-- Collected material follows --

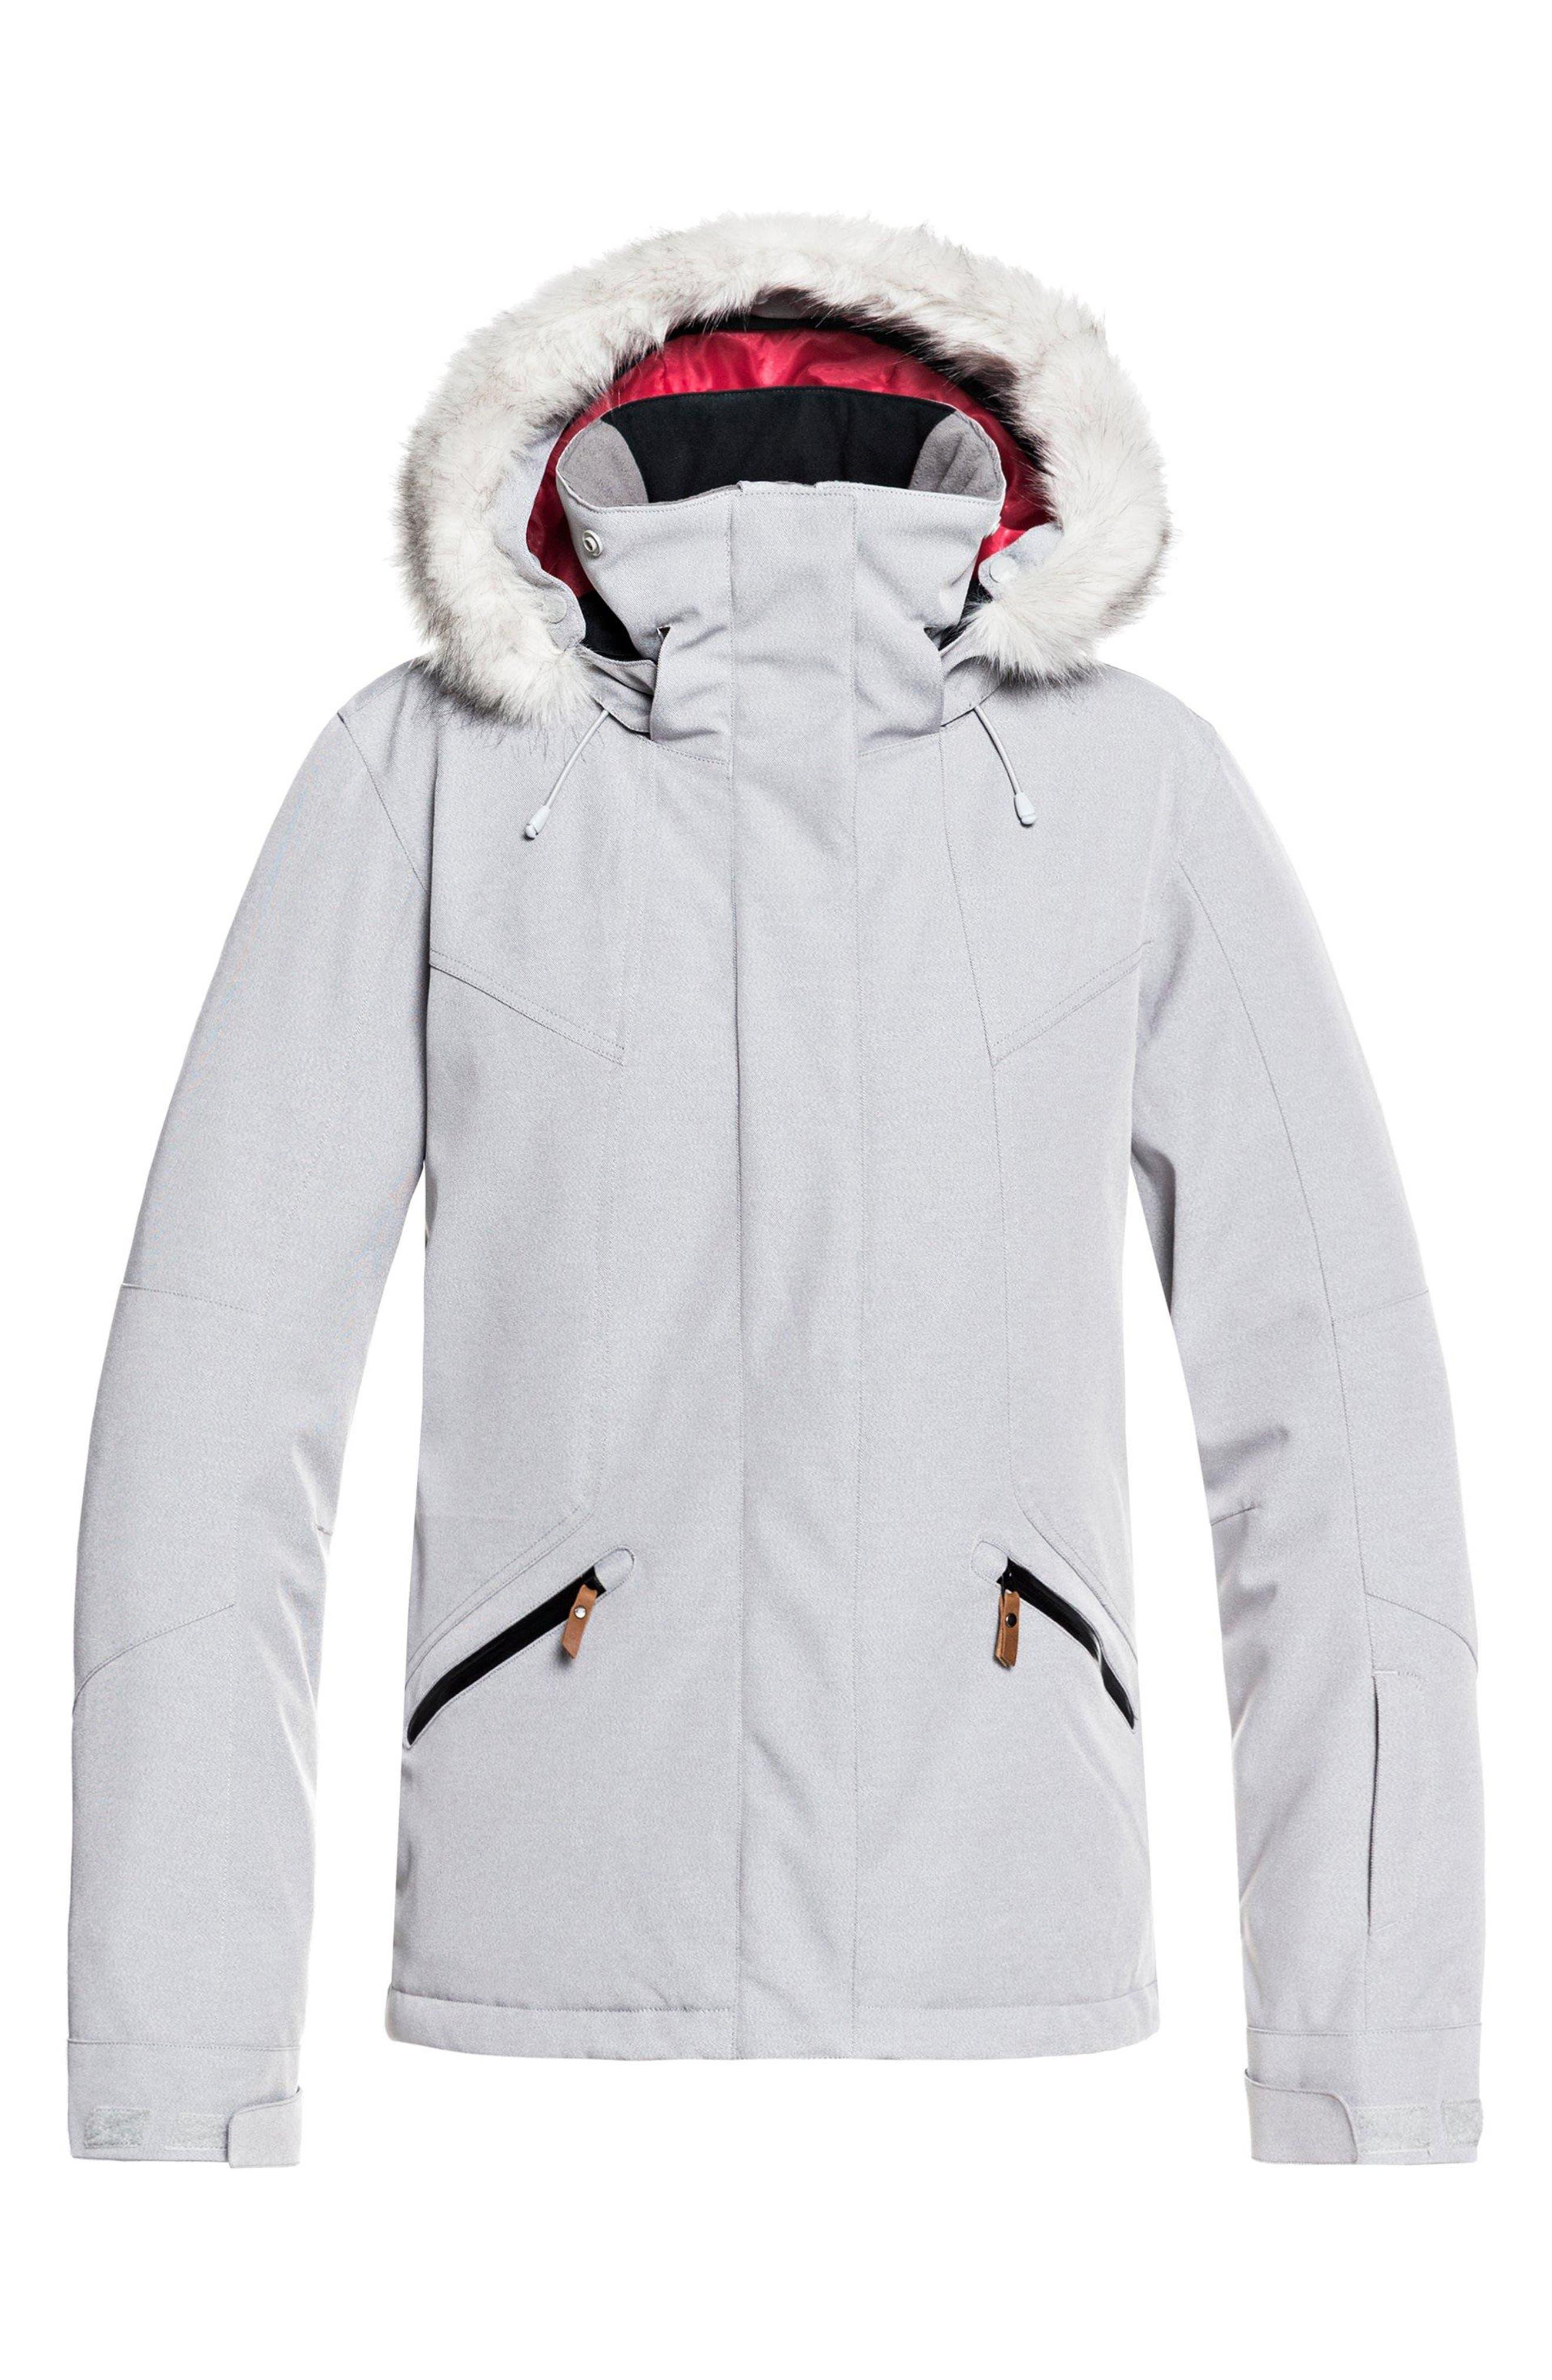 ROXY Atmosphere Snow Jacket, Main, color, 020
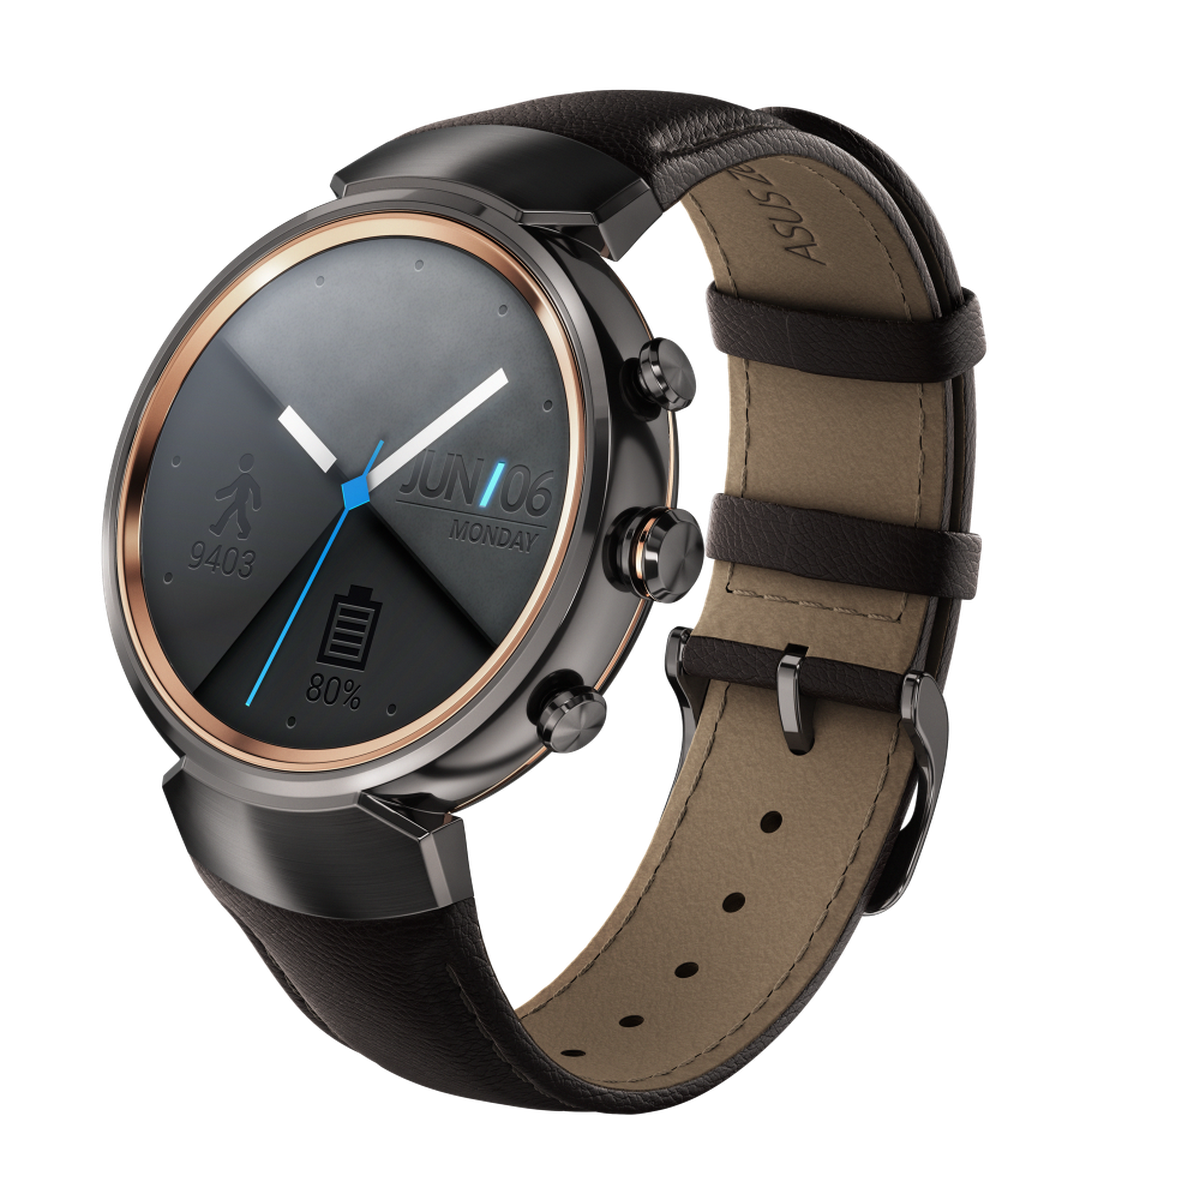 Best smartwatches of 2016
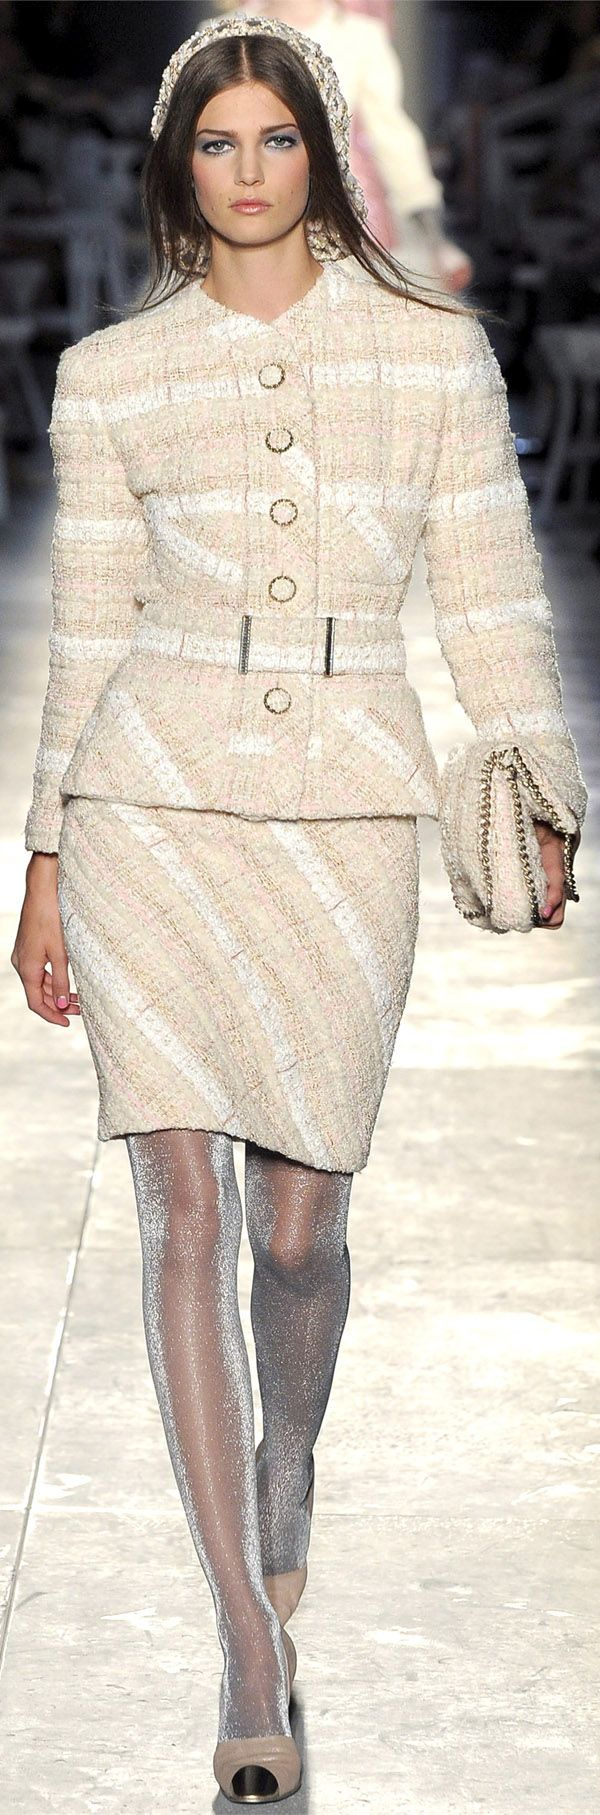 Chanel Winter 2013

-- Collected material concluded --

* Problem details
Write the listing again exactly, duplicating every line and skipping the pictures.

* Reply to the exercise
 ROXY Atmosphere Snow Jacket, Main, color, 020
 Best smartwatches of 2016
 Chanel Winter 2013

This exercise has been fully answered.